§ SOURCE DATA
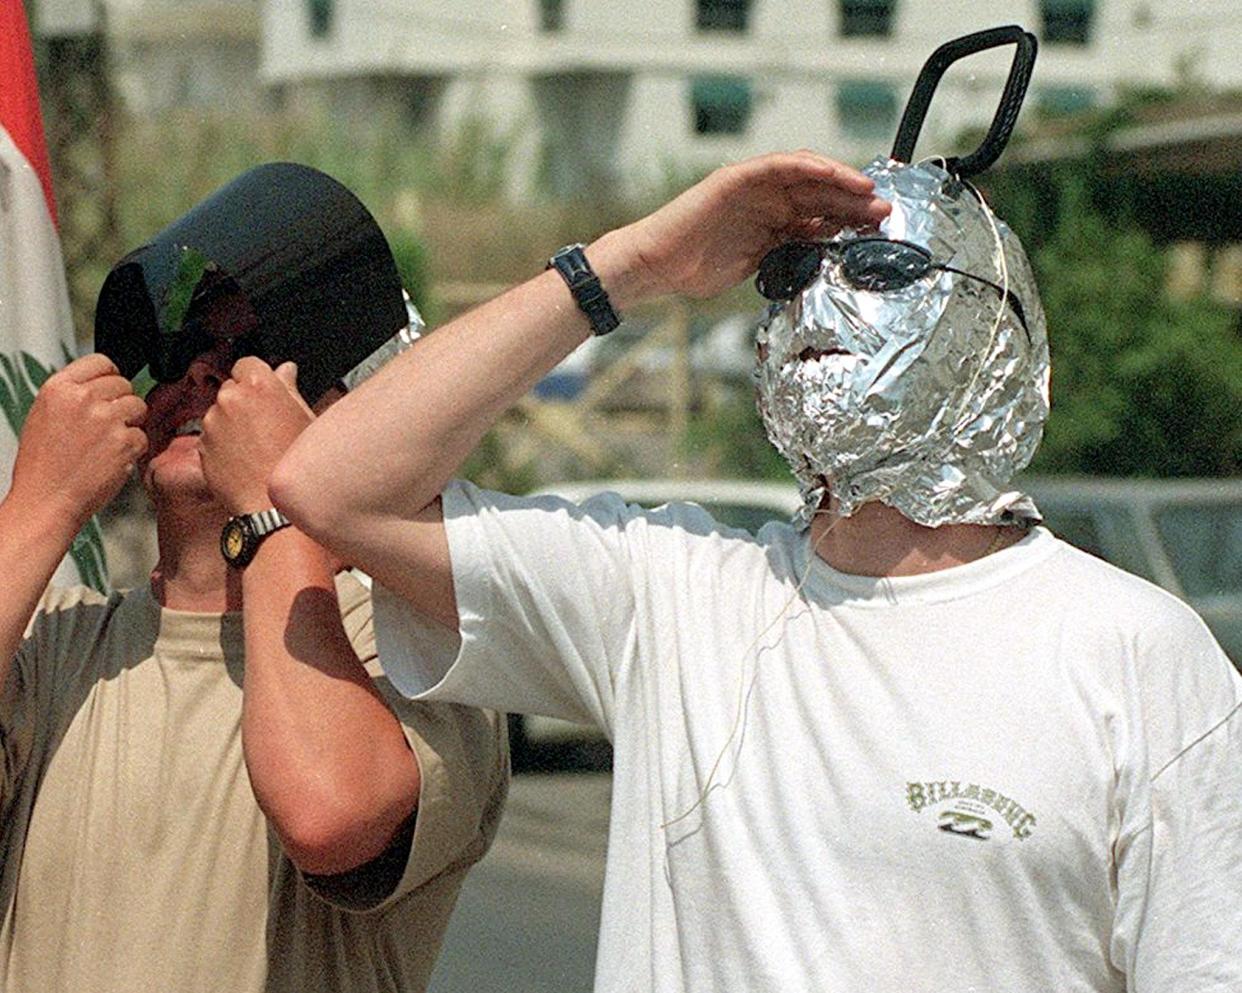 1999: Eclipse watchers in Beirut find novel means of protecting ther eyesight while viewing the last total solar eclipse of the 20th century.
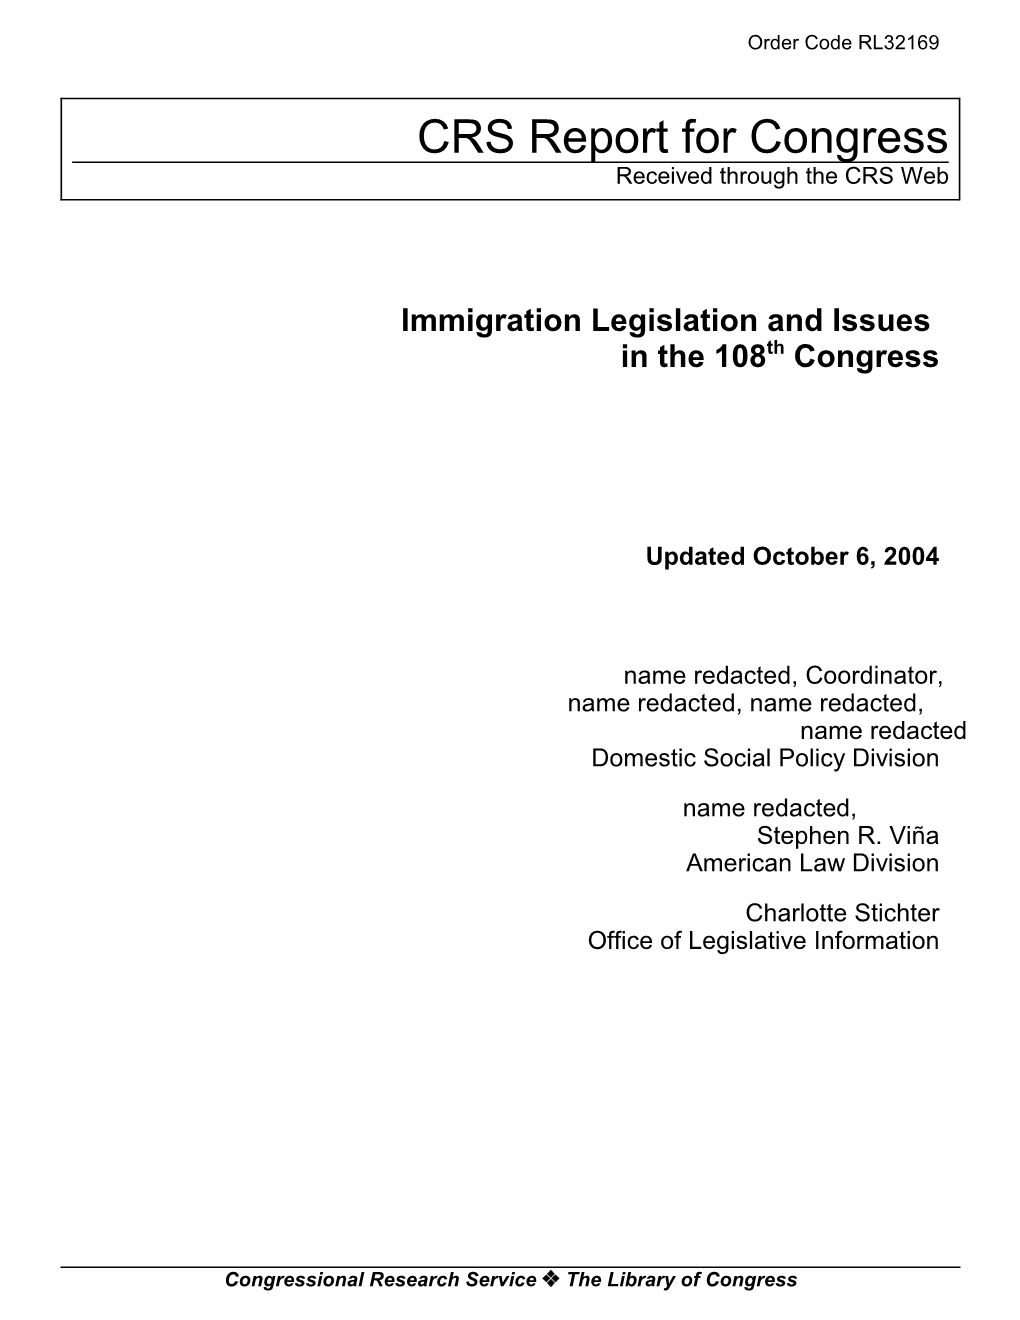 Immigration Legislation and Issues in the 108Th Congress
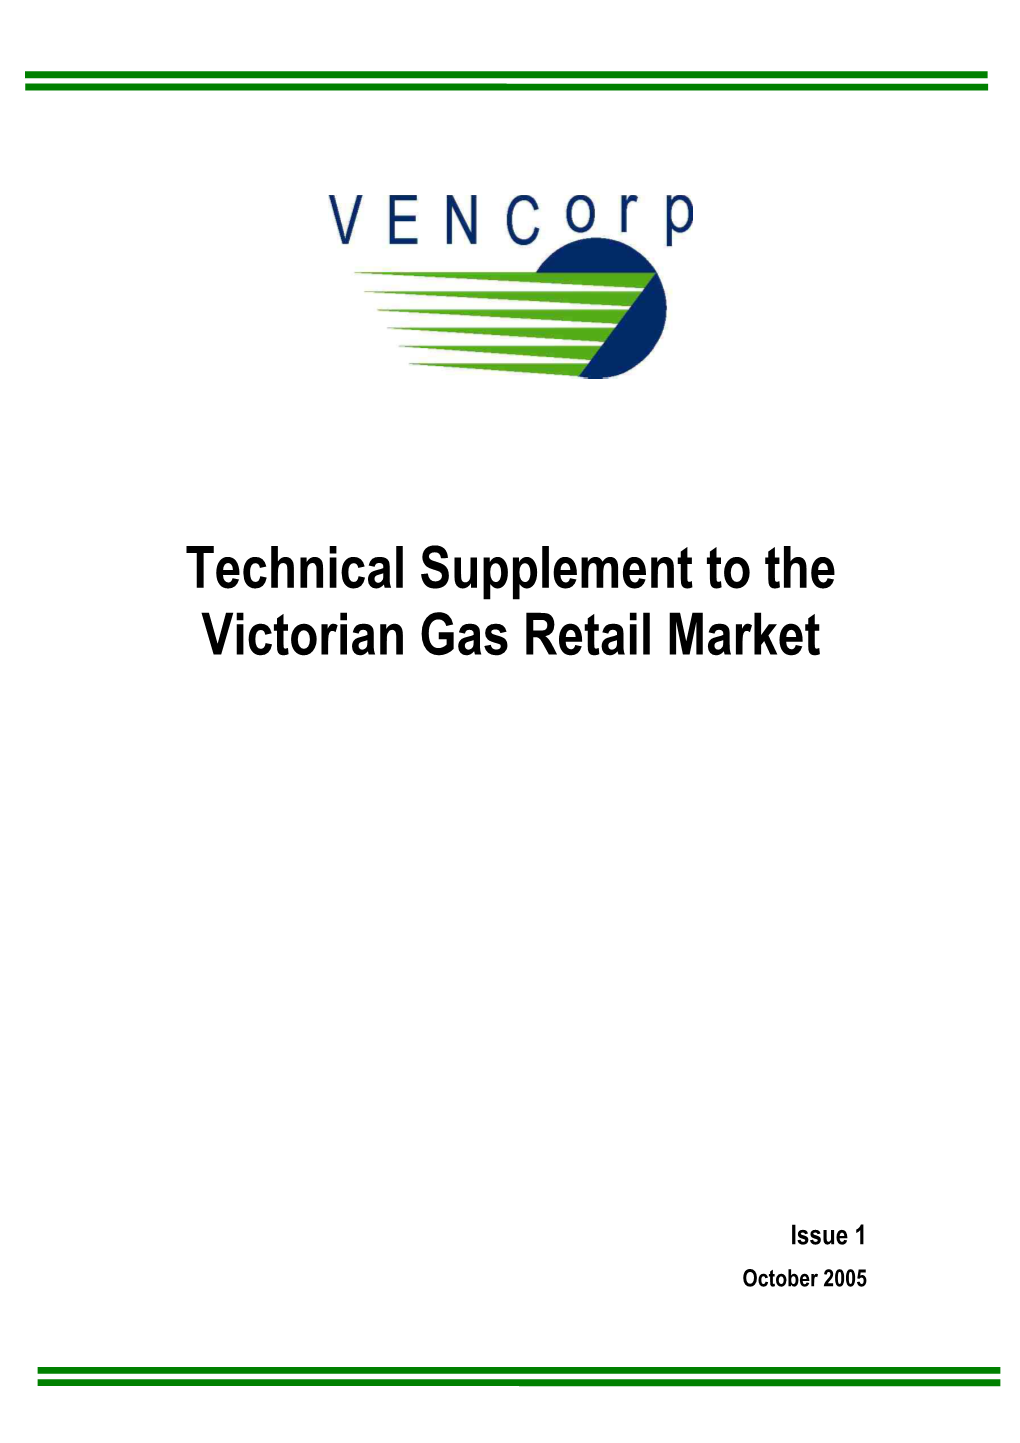 Technical Supplement to the Victorian Gas Retail Market

§ TASK DESCRIPTION
Write out every line above again exactly, with the pictures left out.

§ RESULT
 1999: Eclipse watchers in Beirut find novel means of protecting ther eyesight while viewing the last total solar eclipse of the 20th century.
 Immigration Legislation and Issues in the 108Th Congress
 Technical Supplement to the Victorian Gas Retail Market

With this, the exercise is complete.